§ **YOUR TASK**: The required output is the run of lines from the one holding "Roxbury Football 2017" through the final line of the listing, restated word for word, with no pictures.

§ **COLLECTED DATA**:
********

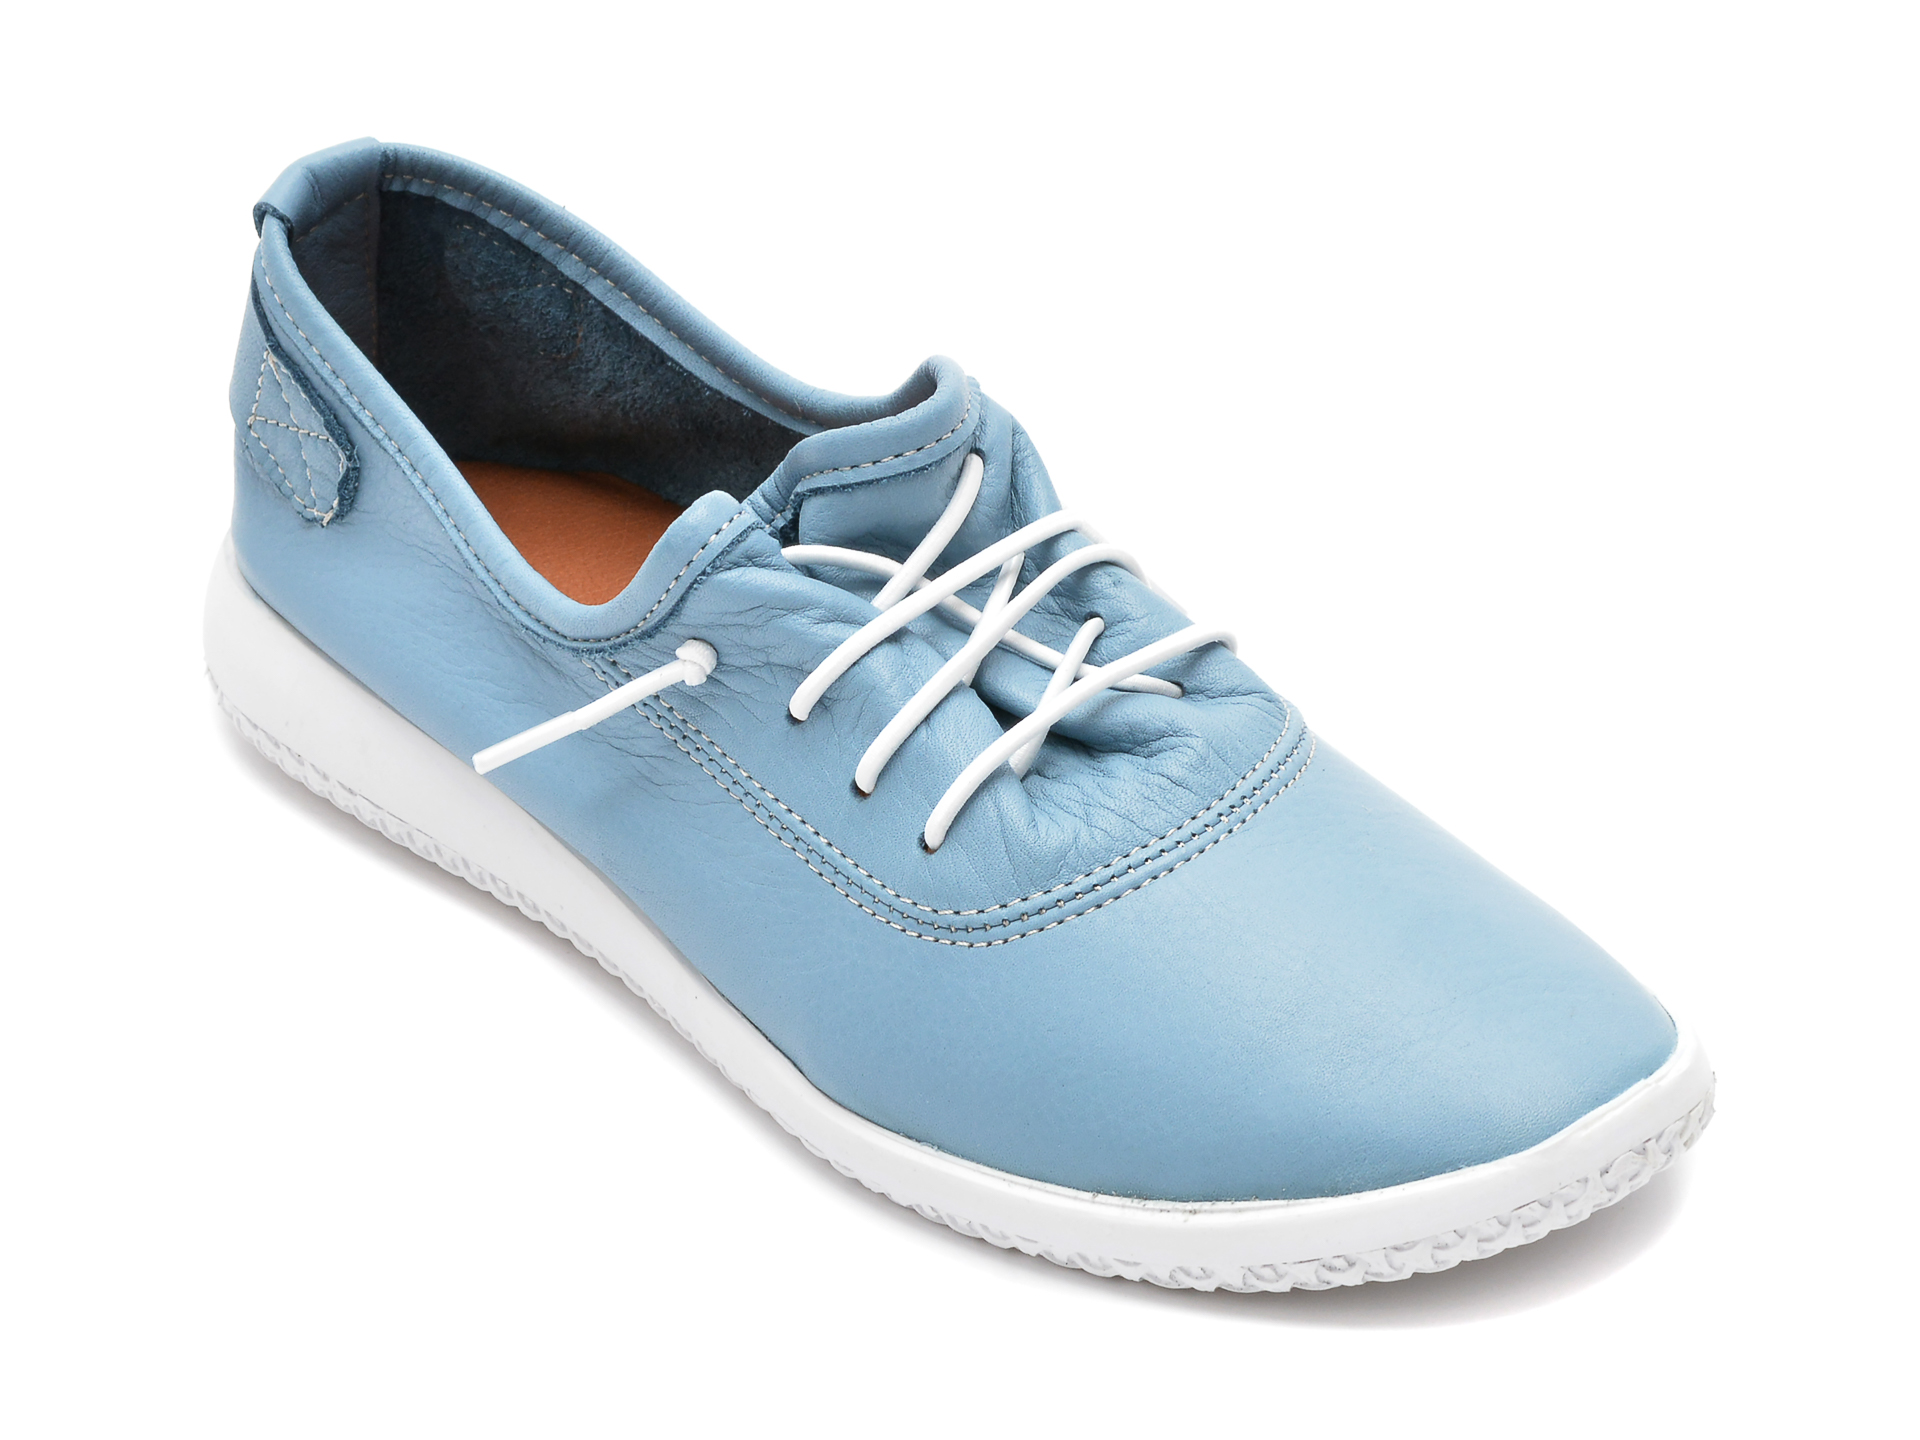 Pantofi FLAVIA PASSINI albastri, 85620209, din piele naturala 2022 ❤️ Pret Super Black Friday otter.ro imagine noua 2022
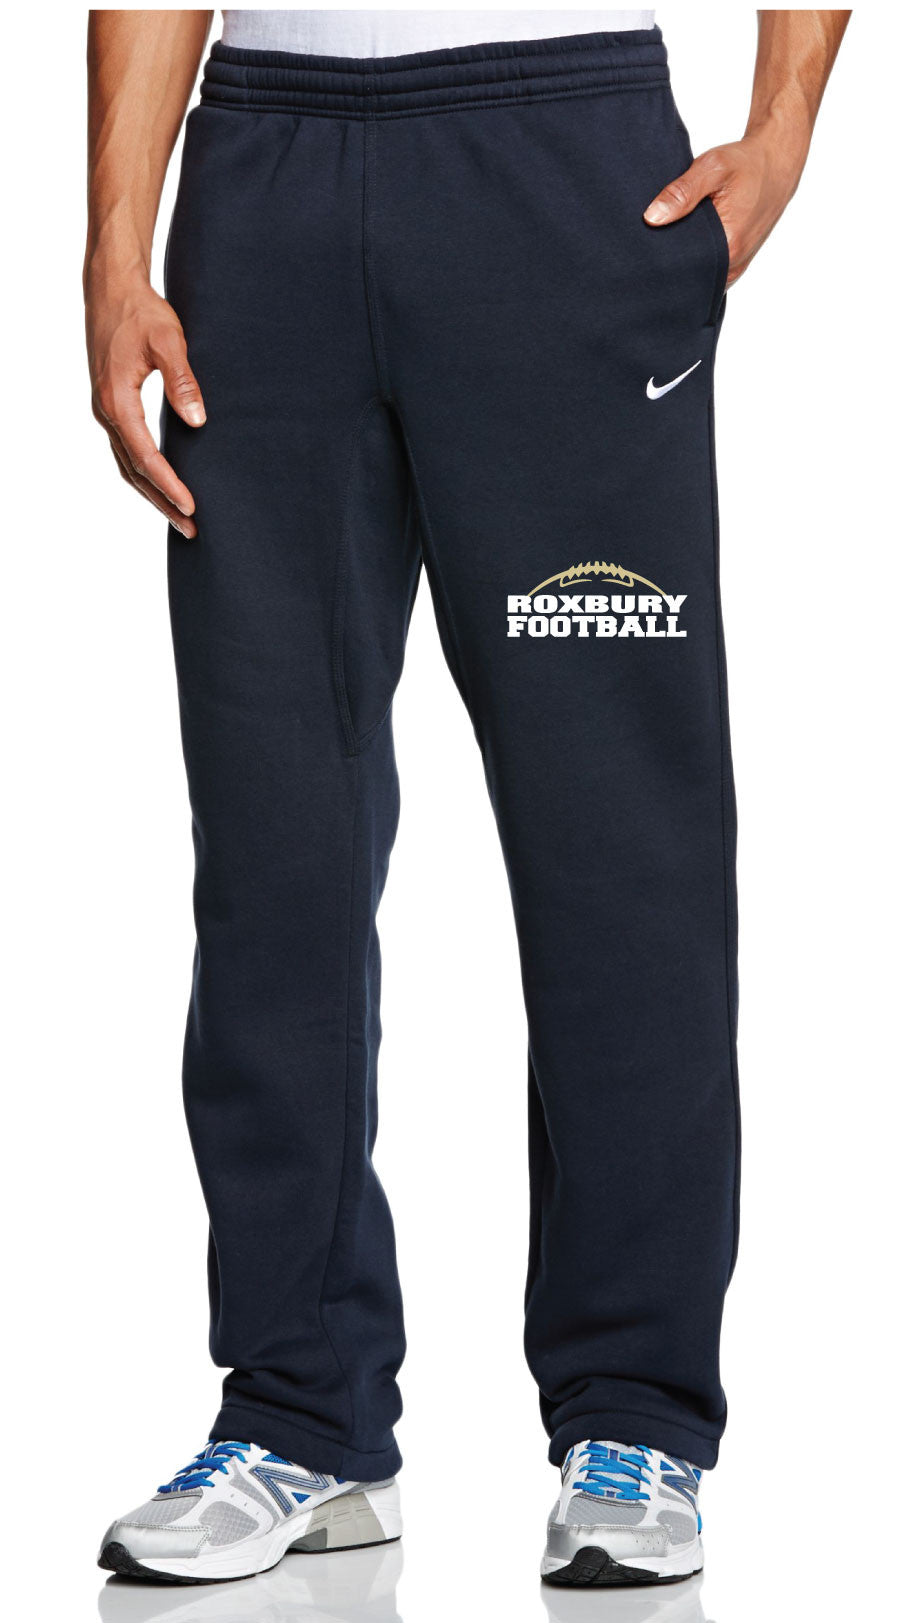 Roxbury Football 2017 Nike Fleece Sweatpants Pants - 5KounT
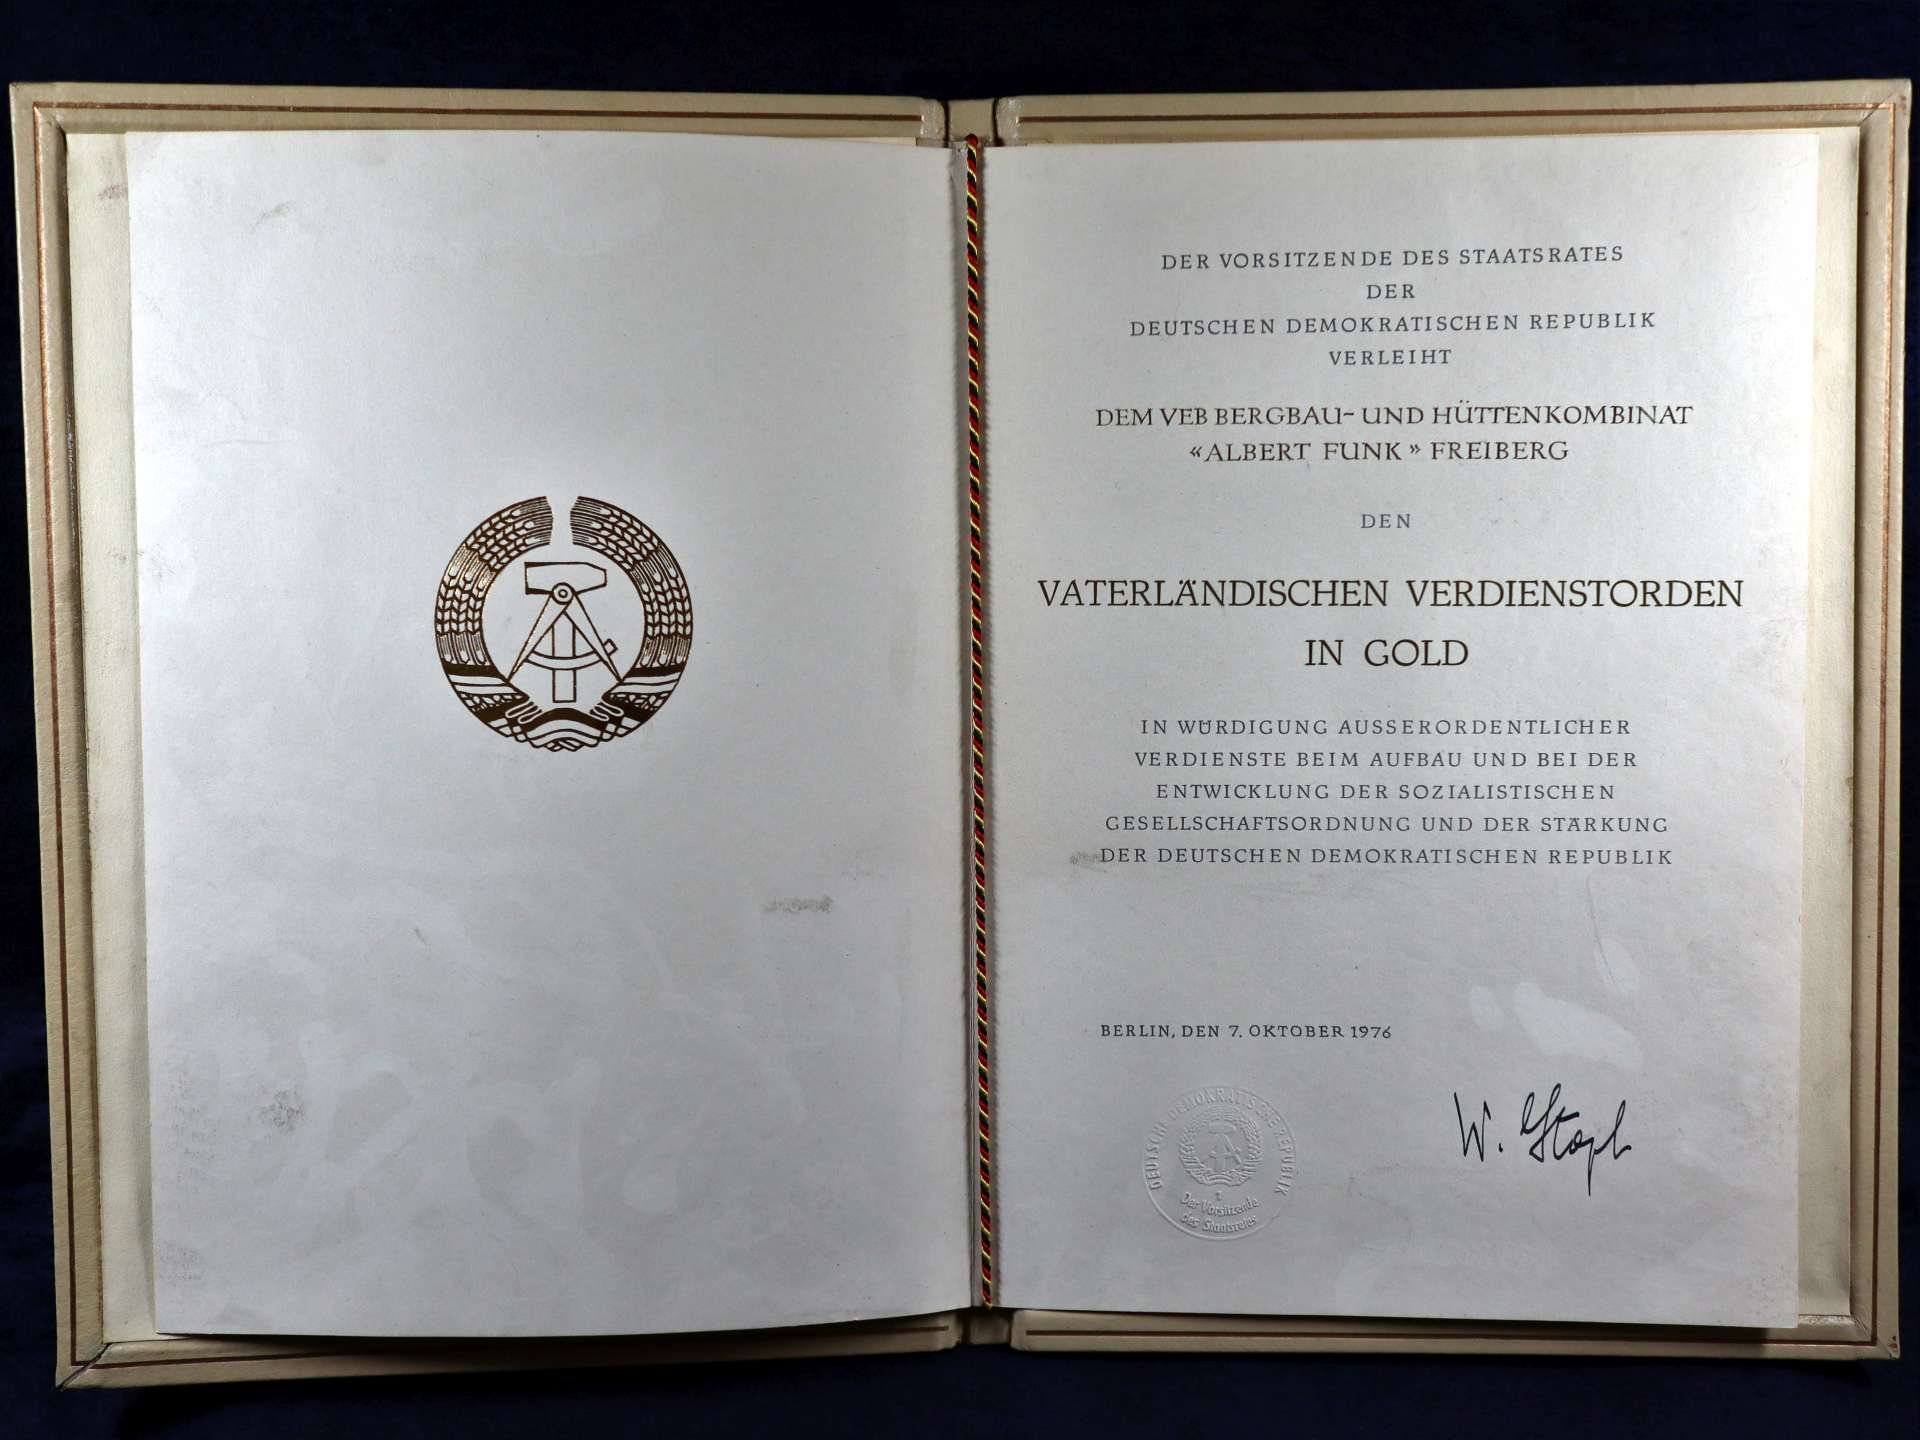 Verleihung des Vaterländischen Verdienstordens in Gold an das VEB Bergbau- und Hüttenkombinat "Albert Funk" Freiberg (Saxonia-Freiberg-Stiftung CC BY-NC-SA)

********

§ **RESPONSE**:
 Roxbury Football 2017 Nike Fleece Sweatpants Pants - 5KounT
 Verleihung des Vaterländischen Verdienstordens in Gold an das VEB Bergbau- und Hüttenkombinat "Albert Funk" Freiberg (Saxonia-Freiberg-Stiftung CC BY-NC-SA)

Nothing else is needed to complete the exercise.